The exported diagnosis-keys are being organized in hourly and daily archives. The folder structure is as follows: /version/<version>/diagnosis-keys/country/<ISO-3166-country>/date/<YYYY-MM-DD>/hour/<hh>/index. The version, country, date and hour directory also contain an index file each, listing all the subdirectories. All generated files are named index, which acts as a workaround to also support files & folders with the same name - e.g. version/v1/diagnosis-keys/country is both a file and the folder version/v1/diagnosis-keys/country/. S3 supports this concept, but writing this structure to the local disk is not supported. Therefore, this country file will be assembled as version/v1/diagnosis-keys/country/index. The /index part will then be removed upon S3 upload.

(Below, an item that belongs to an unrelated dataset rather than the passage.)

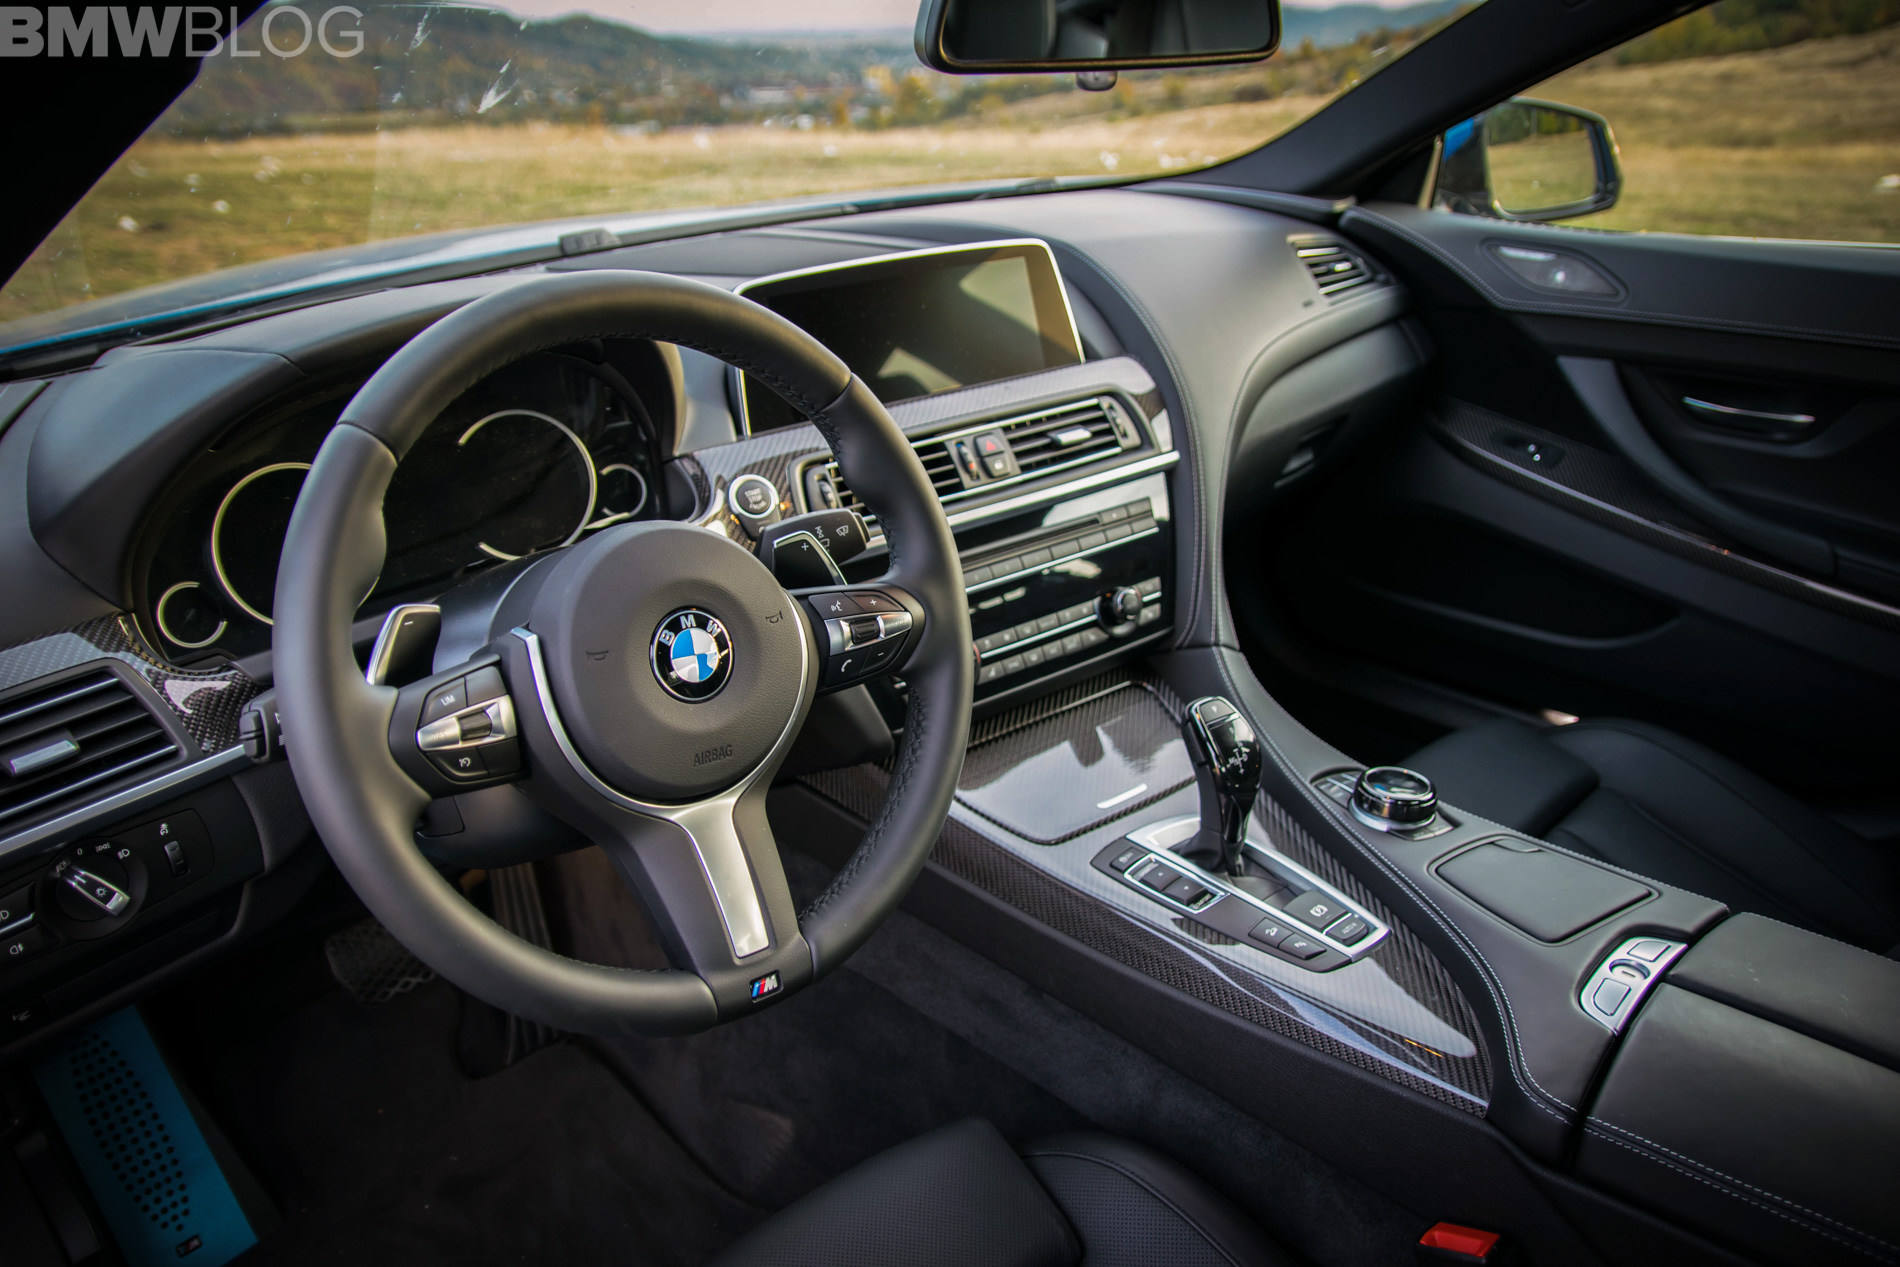 TEST DRIVE: 2018 BMW 640d xDrive Gran Coupe

For each assembly run the diagnosis keys for the last 14 days are queried. Based on the result, hour and their parent directories are created and the keys are added to their respective archives. To which archive the key should be added is determined by the distribution timestamp.

The diagnosis keys need to be expired for at least two hours, before they can be distributed. This means that if the key has been submitted within two hours after the expiry date, it cannot be published immediately. Therefore a distribution timestamp is calculated, which is either the submission timestamp, or, if the submission timestamp is within two hours after the expiry date, the expiry date plus two hours. This ensures compliance with the specification from Google and Apple.

Each run creates all hourly and daily archives for the last 14 days. To prevent unnecessary uploads the cwa-hash header has been introduced.